Exercise goal = Whatever comes before the line containing "Das Plakat der" stays out; transcribe that line and all that follow to the end of the records exactly, with no pictures.

Raw data =
++++++++
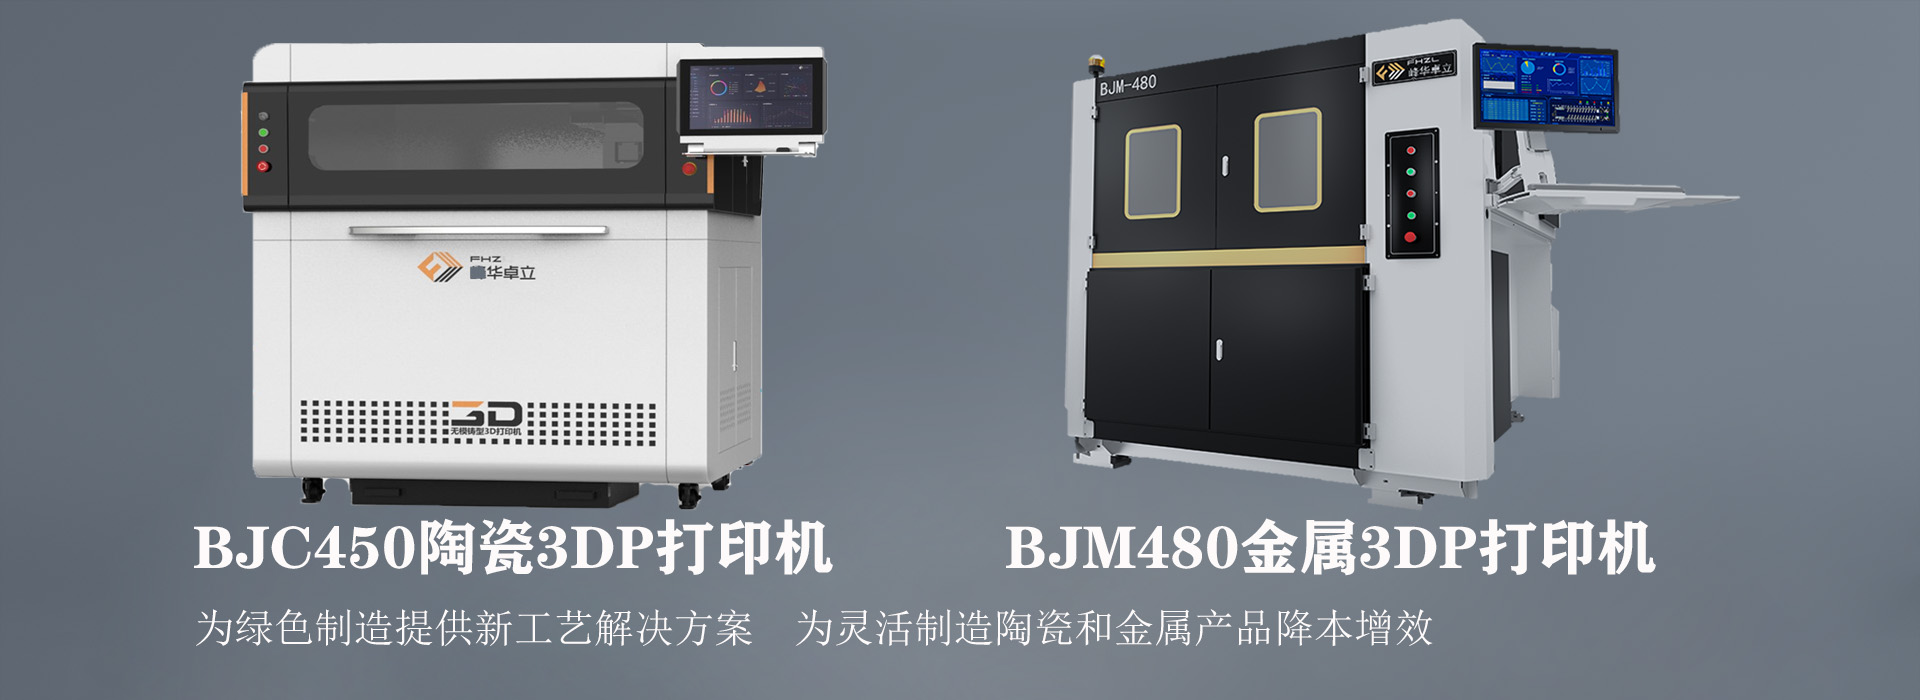 BJM480打印機
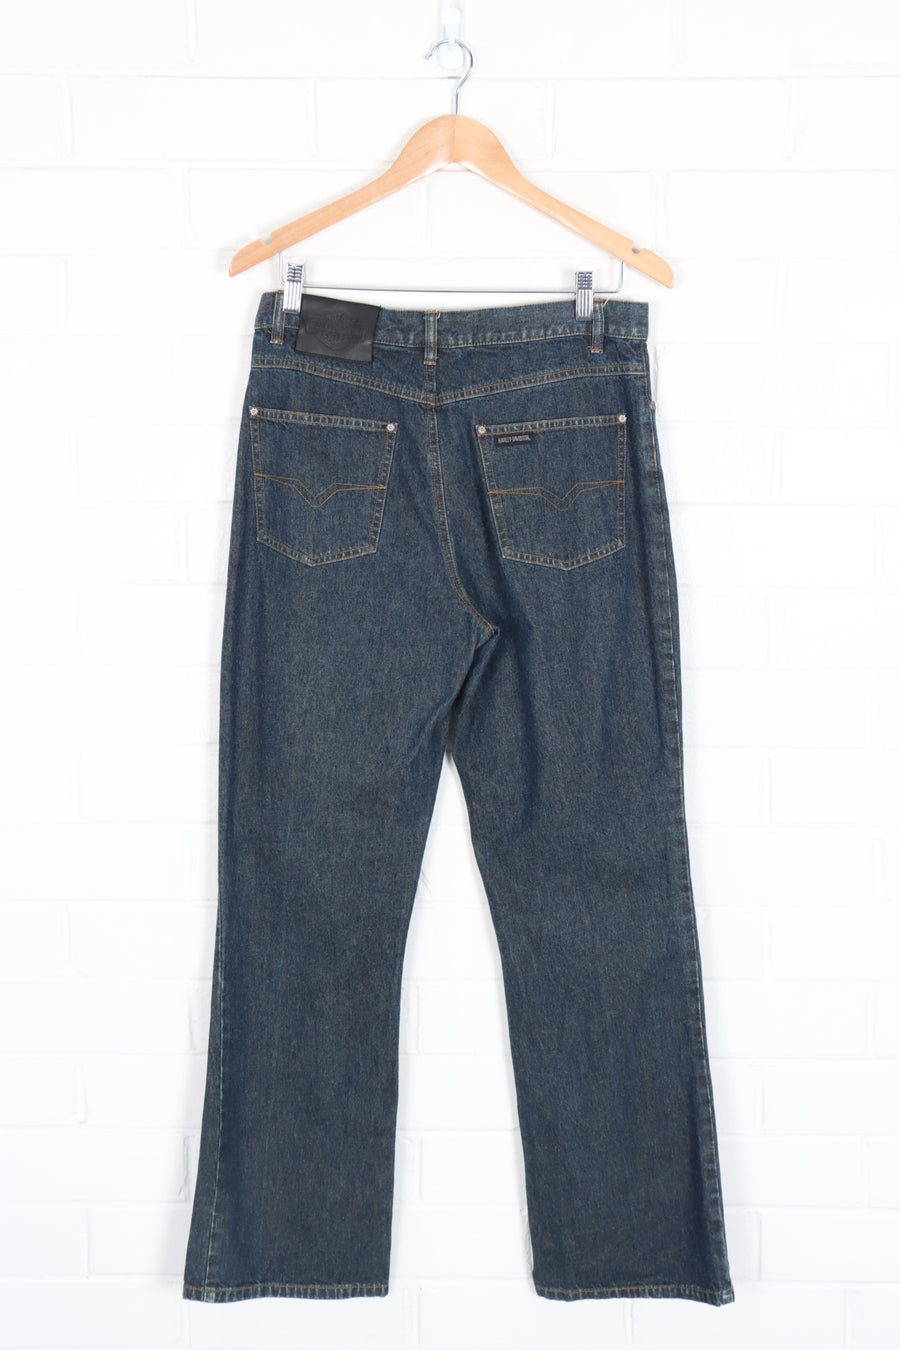 HARLEY DAVIDSON Embellished Dark Wash Jeans (Women's 10)
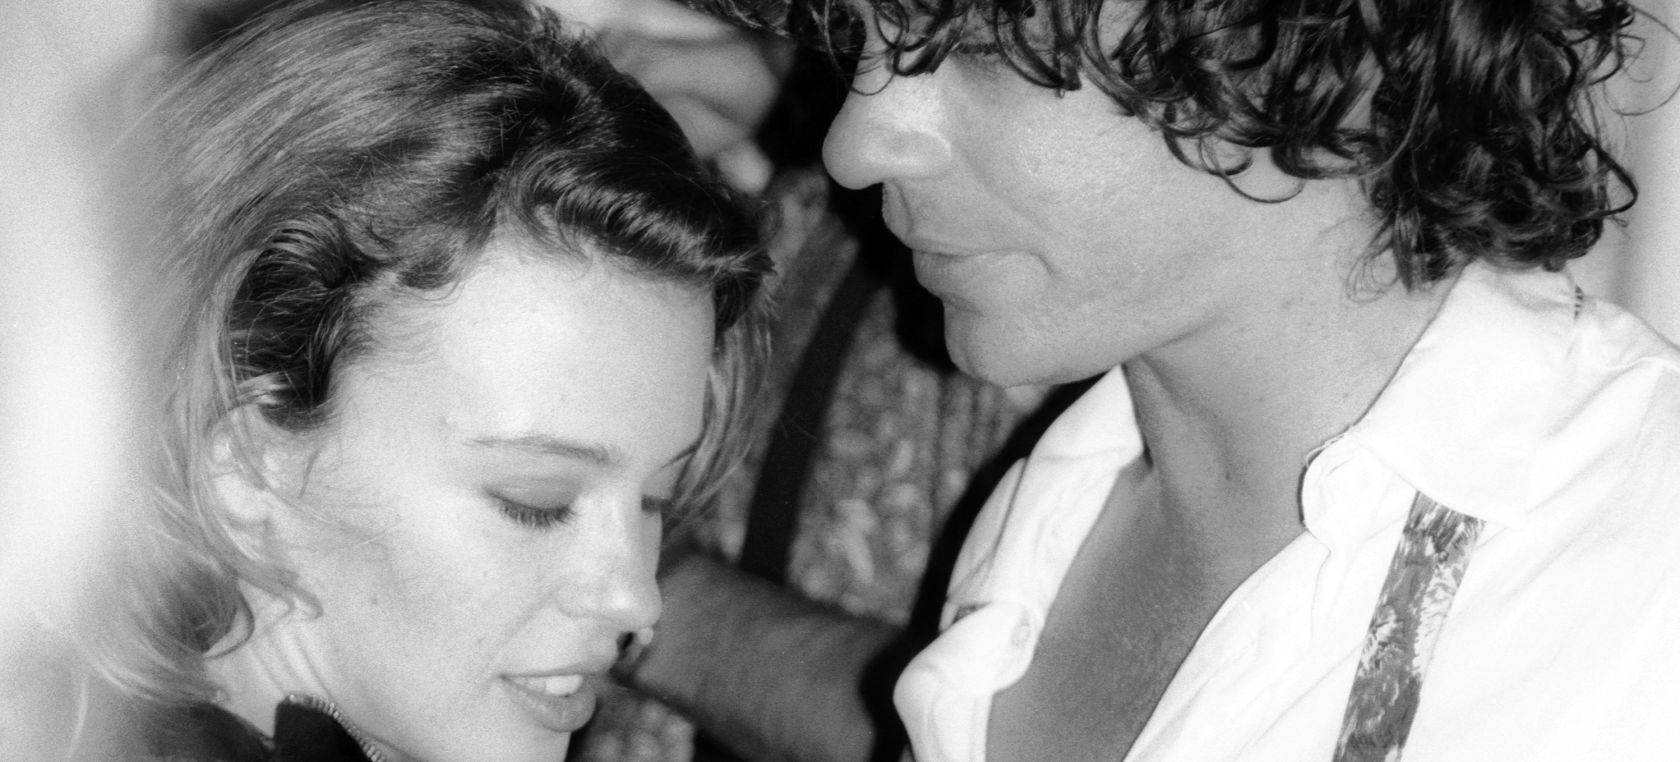 Kylie Minogue y Michael Hutchence: una relación de “amor, sexo y drogas” condenada al fracaso
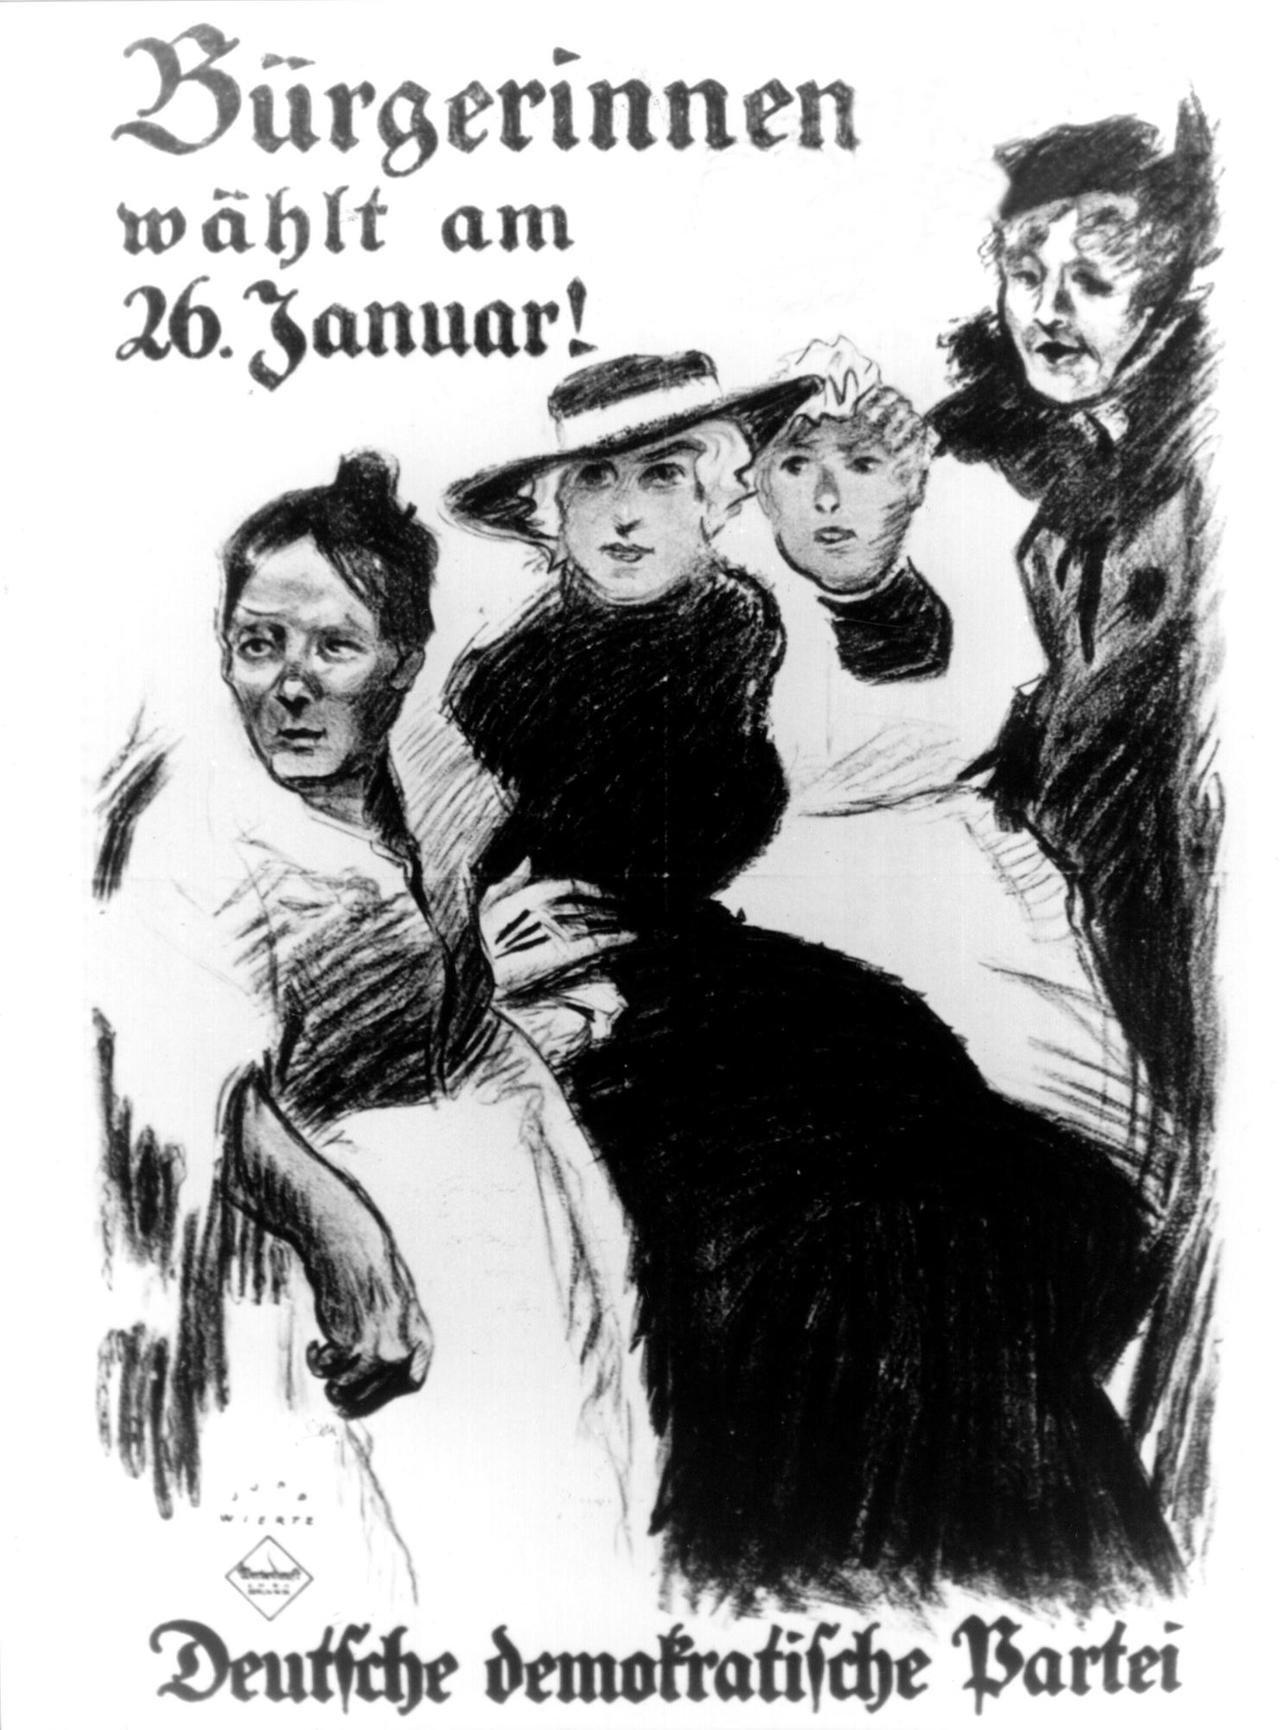 Das Plakat der Deutschen Demokratischen Partei für die Wahlen zur Preußischen Landesversammlung am 26. Januar 1919 fordert die Bürgerinnen zur Wahrnehmung ihrer Rechte auf. Im Jahr 1919 waren die Frauen in Deutschland erstmals wahlberechtigt. | Verwendung weltweit
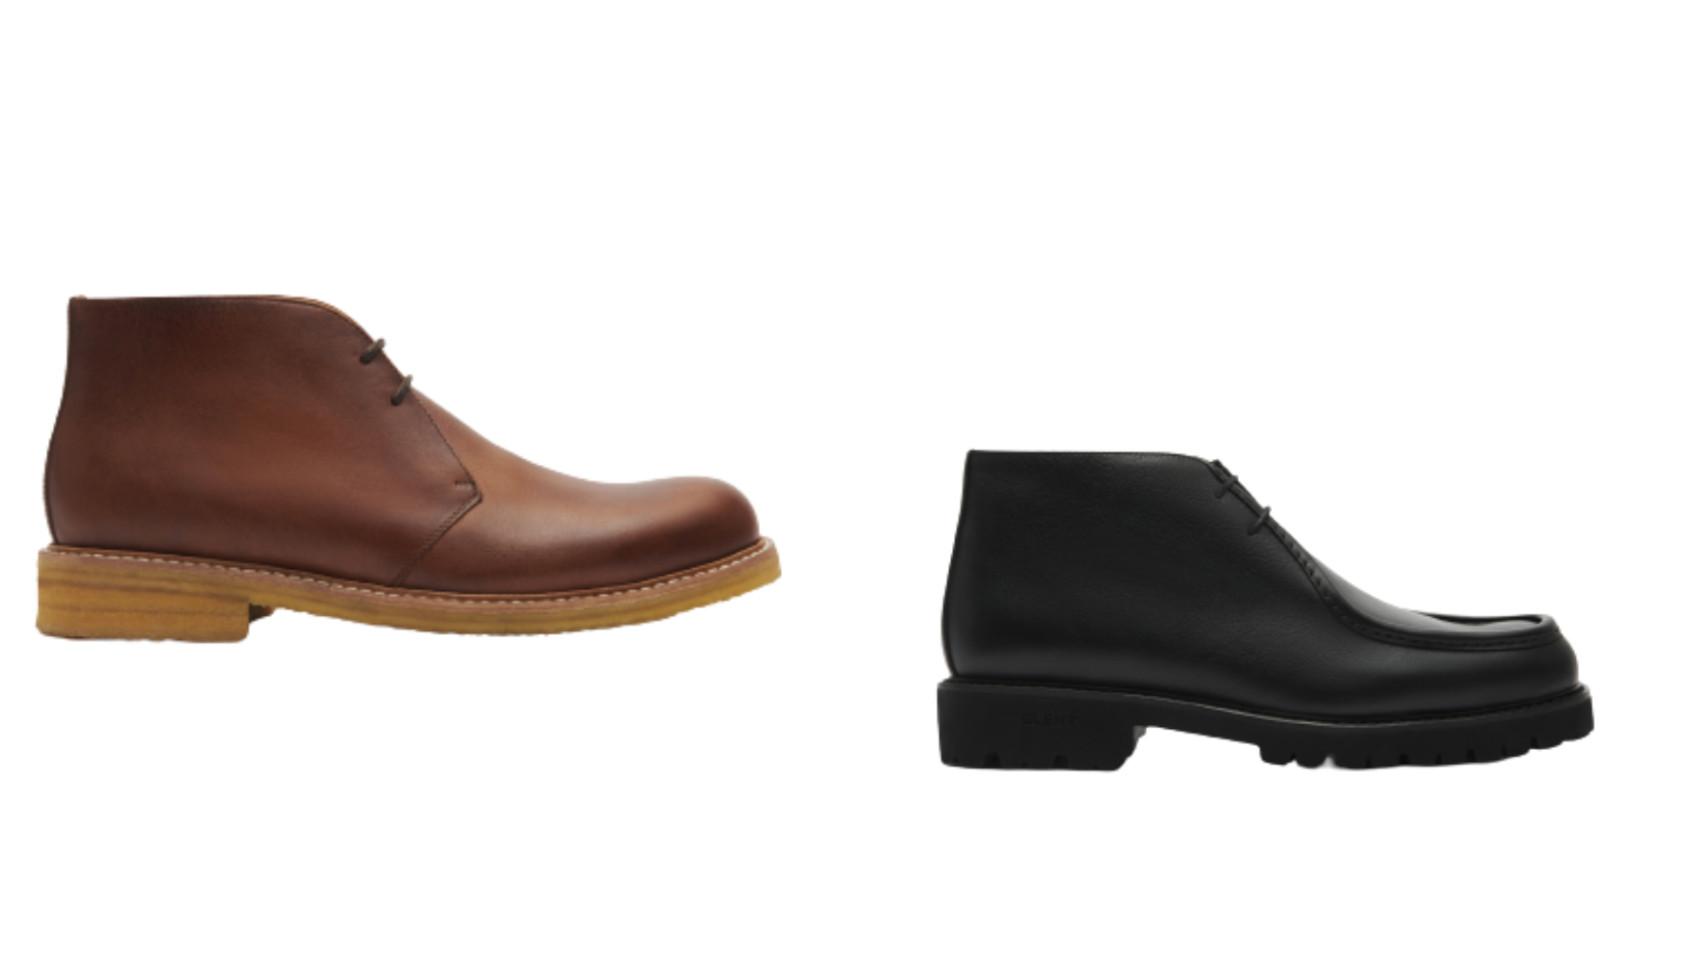 Dos modelos de Glent. La bota marrón cuesta 259 euros, y la de piel negra, 269 euros.
++++++++
Solution to the problem =
 Das Plakat der Deutschen Demokratischen Partei für die Wahlen zur Preußischen Landesversammlung am 26. Januar 1919 fordert die Bürgerinnen zur Wahrnehmung ihrer Rechte auf. Im Jahr 1919 waren die Frauen in Deutschland erstmals wahlberechtigt. | Verwendung weltweit
 Dos modelos de Glent. La bota marrón cuesta 259 euros, y la de piel negra, 269 euros.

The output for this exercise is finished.